Task item: Nothing but the lines from the top of the records through the line with "Striped Ankle Socks" should be returned, exactly, and without pictures.

Data to process:
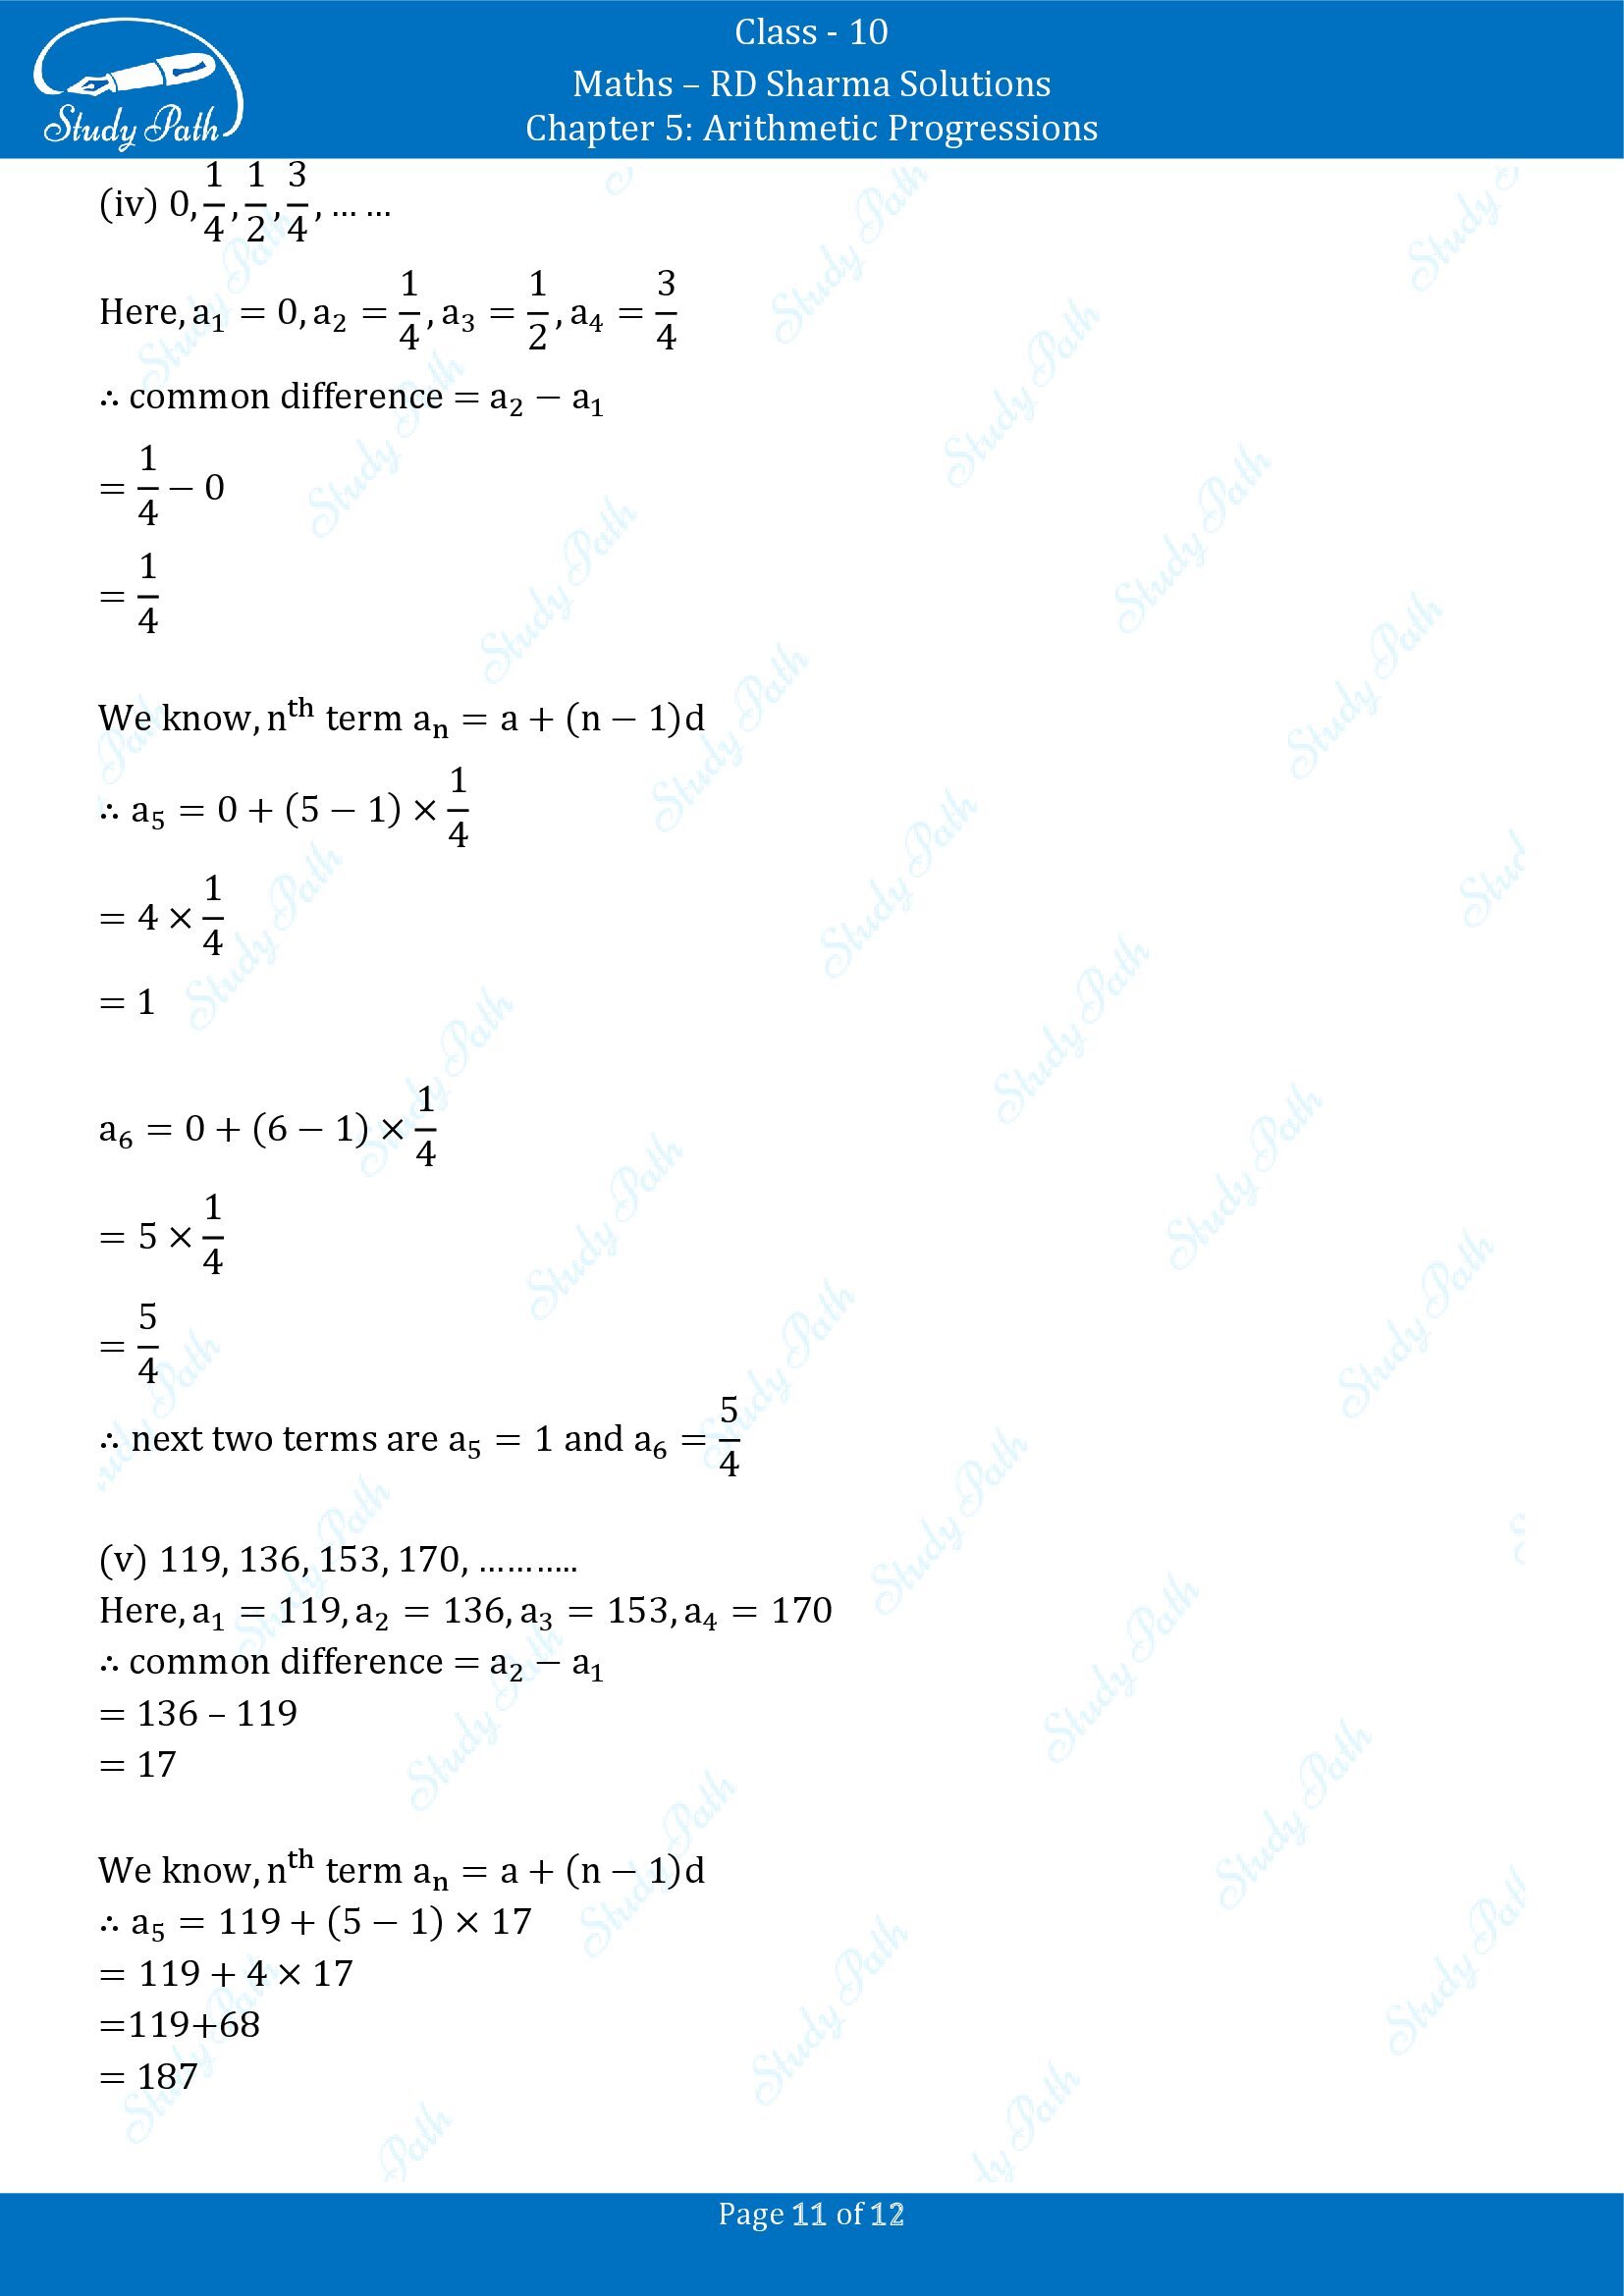 RD Sharma Solutions Class 10 Chapter 5 Arithmetic Progressions Exercise 5.3 00011
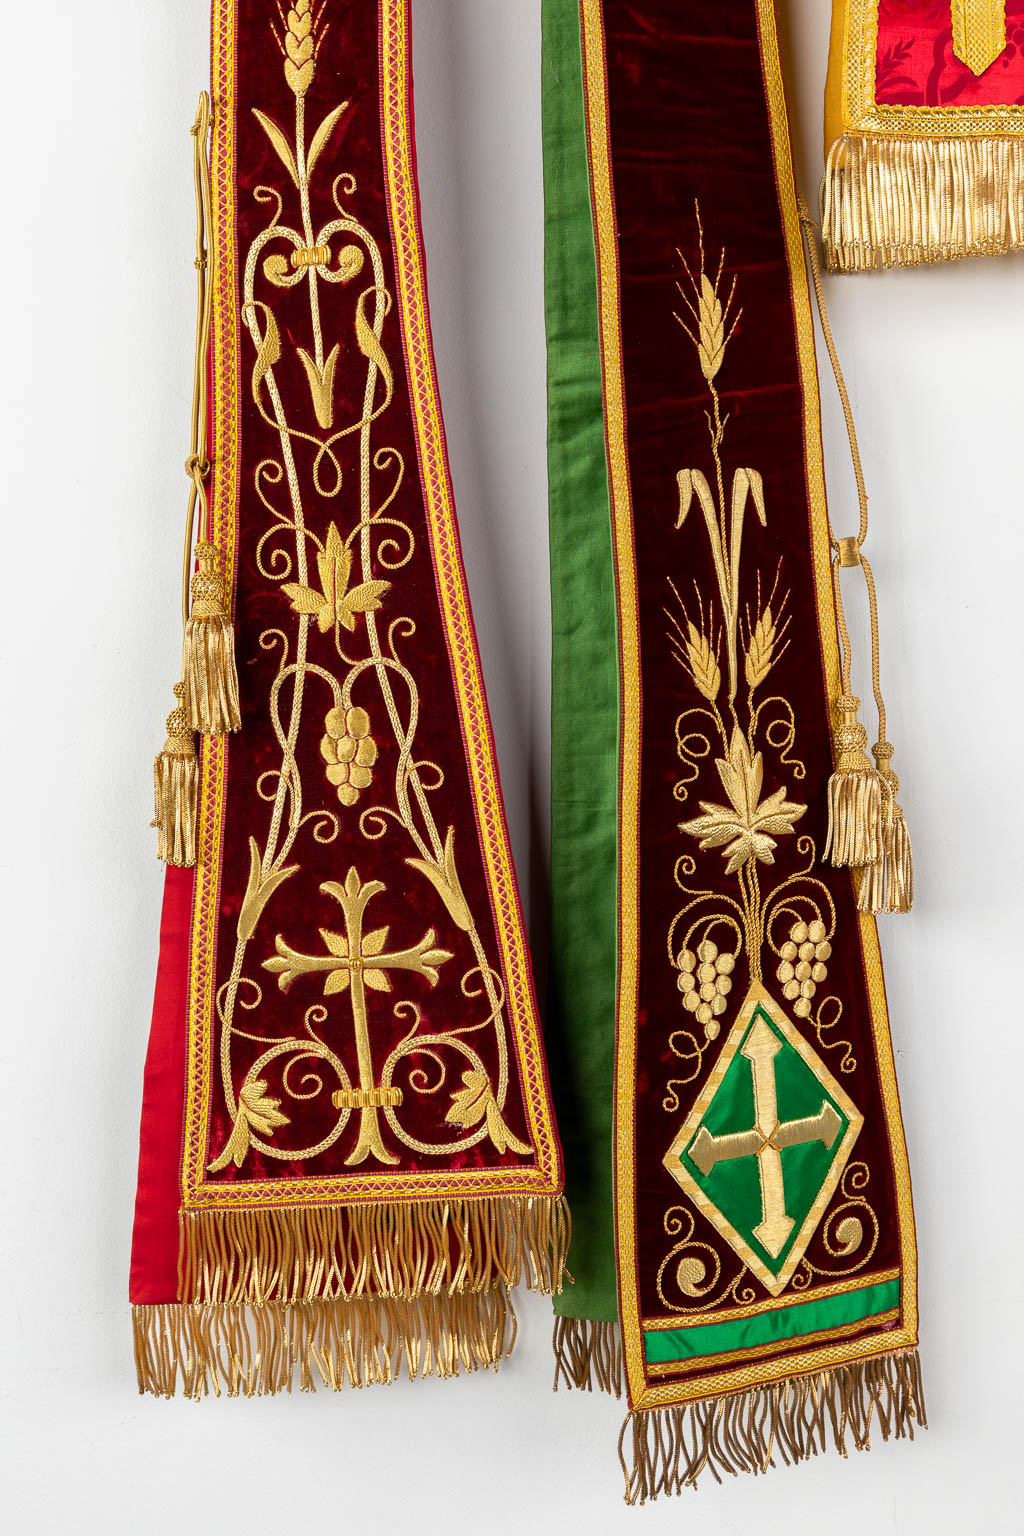 Four Roman Chasubles, Chalice veil, Stola and Maniple, thick gold thread embroideries.
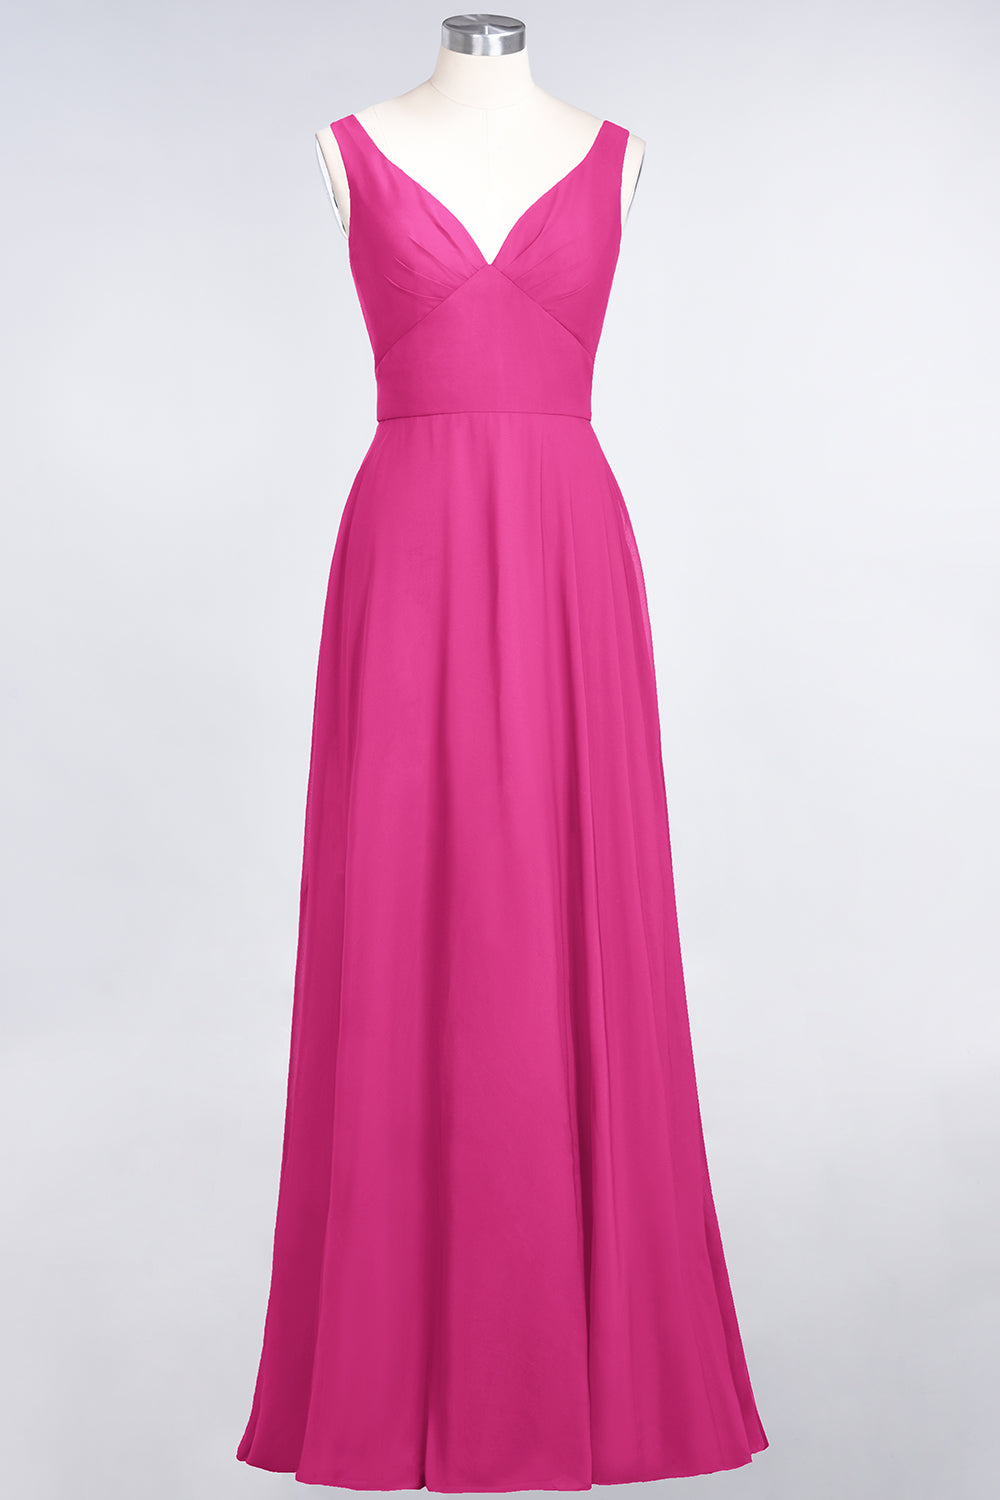 Chic Chiffon V-Neck Straps Ruffle Affordable Bridesmaid Dresses with Open Back
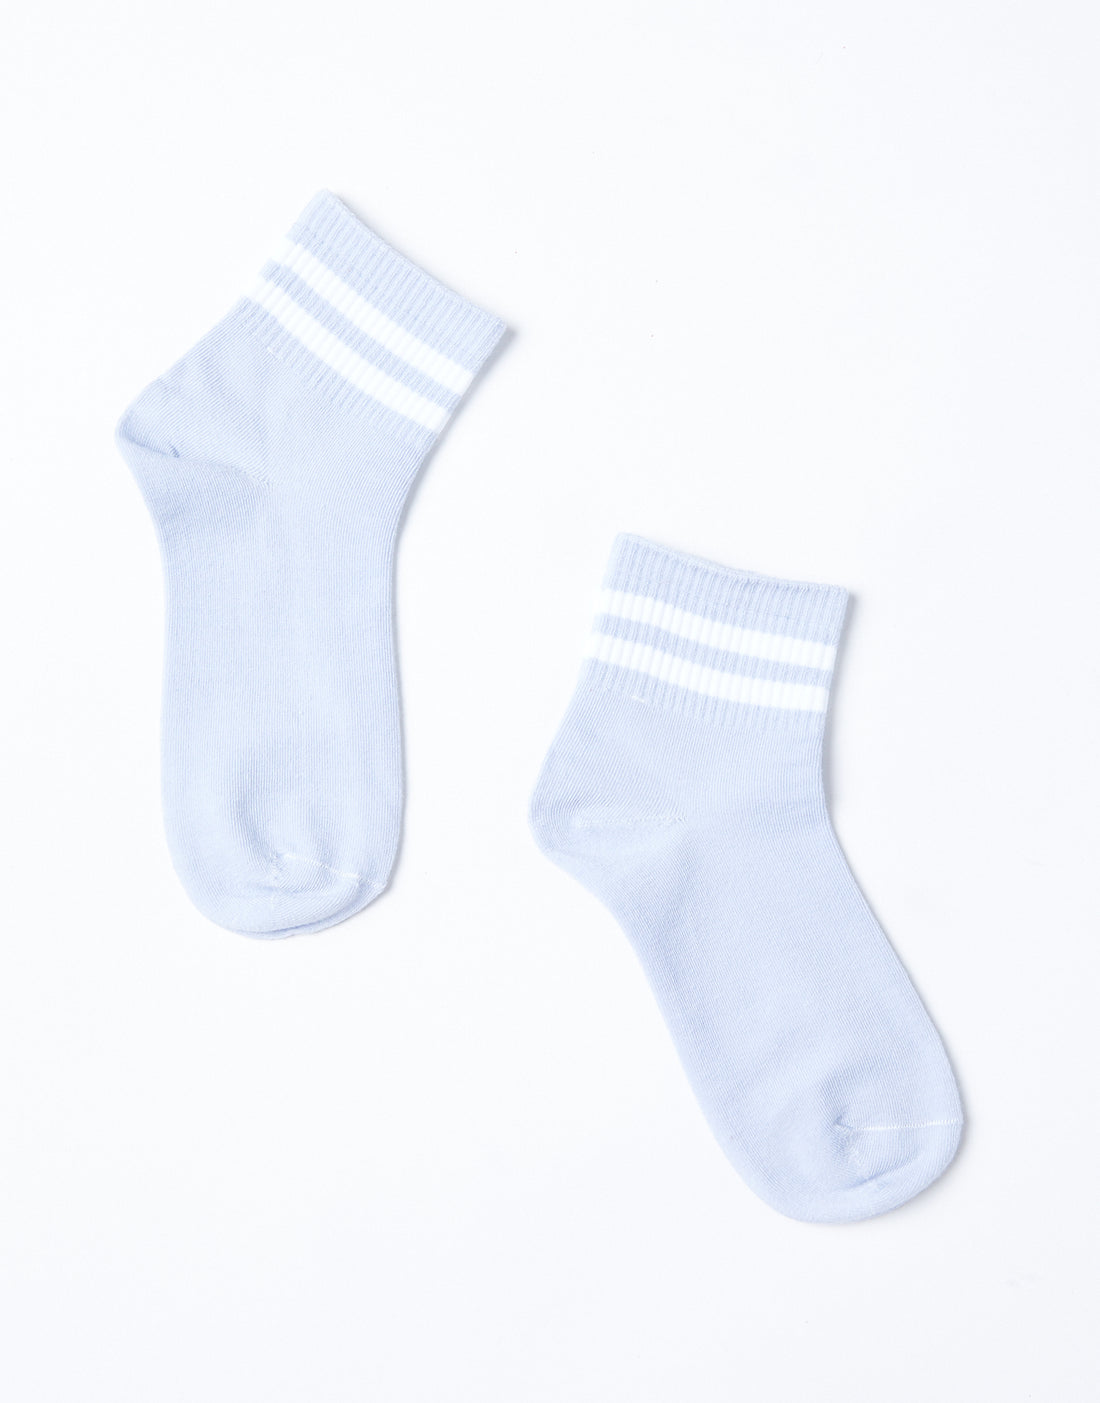 Striped Ankle Socks Accessories Light Blue One Size -2020AVE
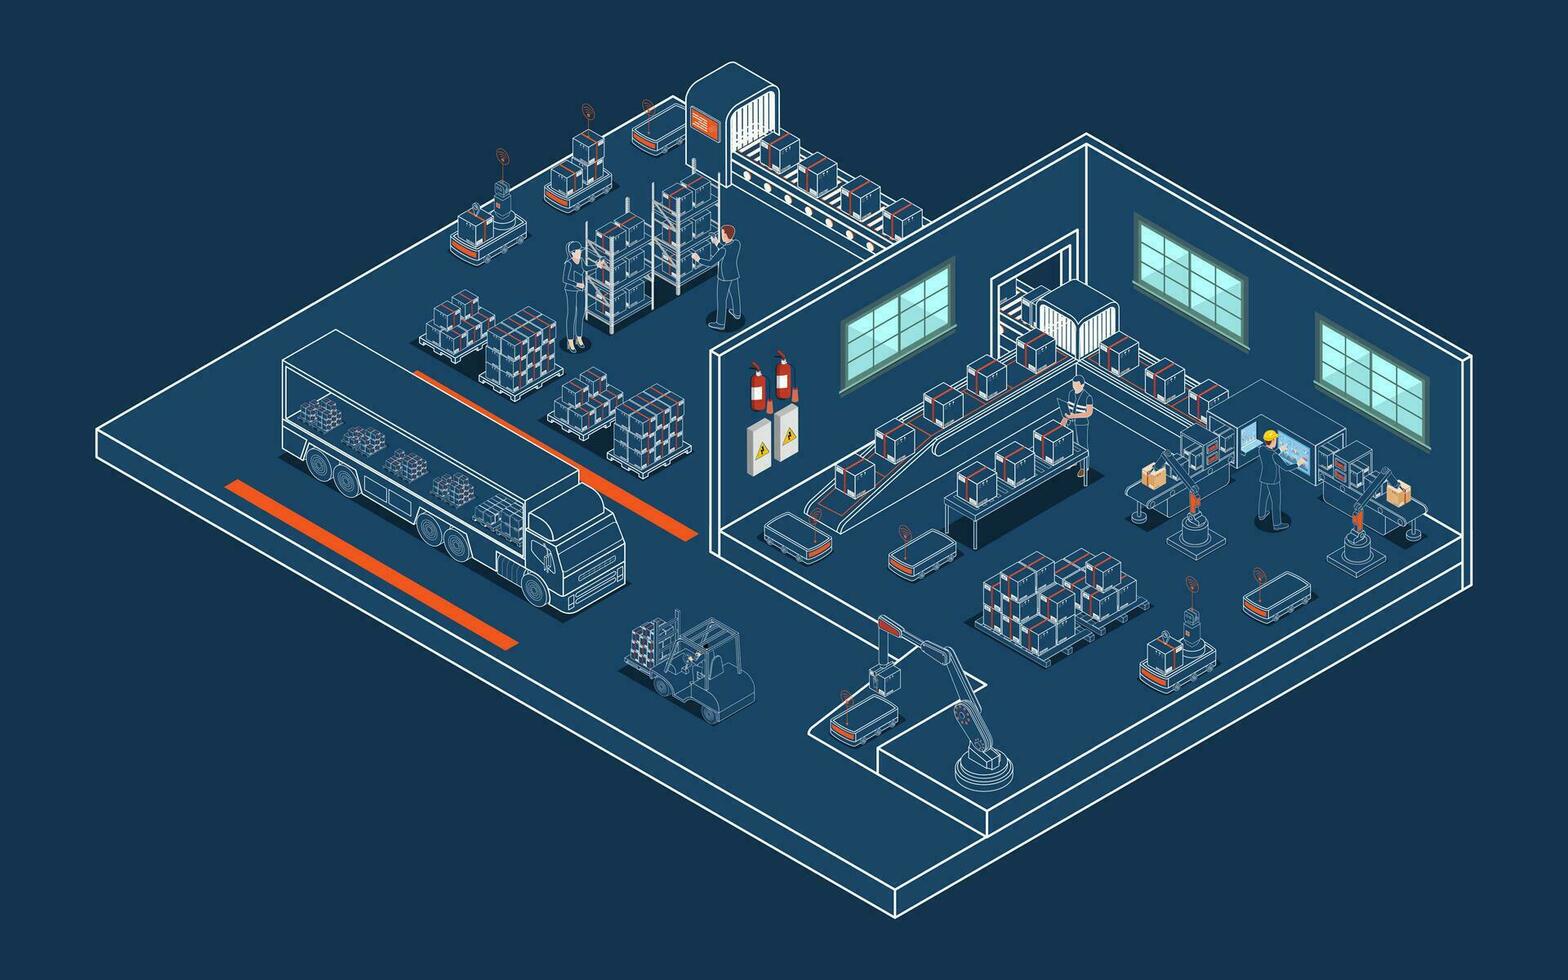 Logistics Warehouse Work Process Concept with Transportation operation service, Industrial Internet of Things and Autonomous Robot. Vector illustration EPS 10

Response box:
 RD Sharma Solutions Class 10 Chapter 5 Arithmetic Progressions Exercise 5.3 00011
 Four Roman Chasubles, Chalice veil, Stola and Maniple, thick gold thread embroideries.
 Chic Chiffon V-Neck Straps Ruffle Affordable Bridesmaid Dresses with Open Back
 Striped Ankle Socks Accessories Light Blue One Size -2020AVE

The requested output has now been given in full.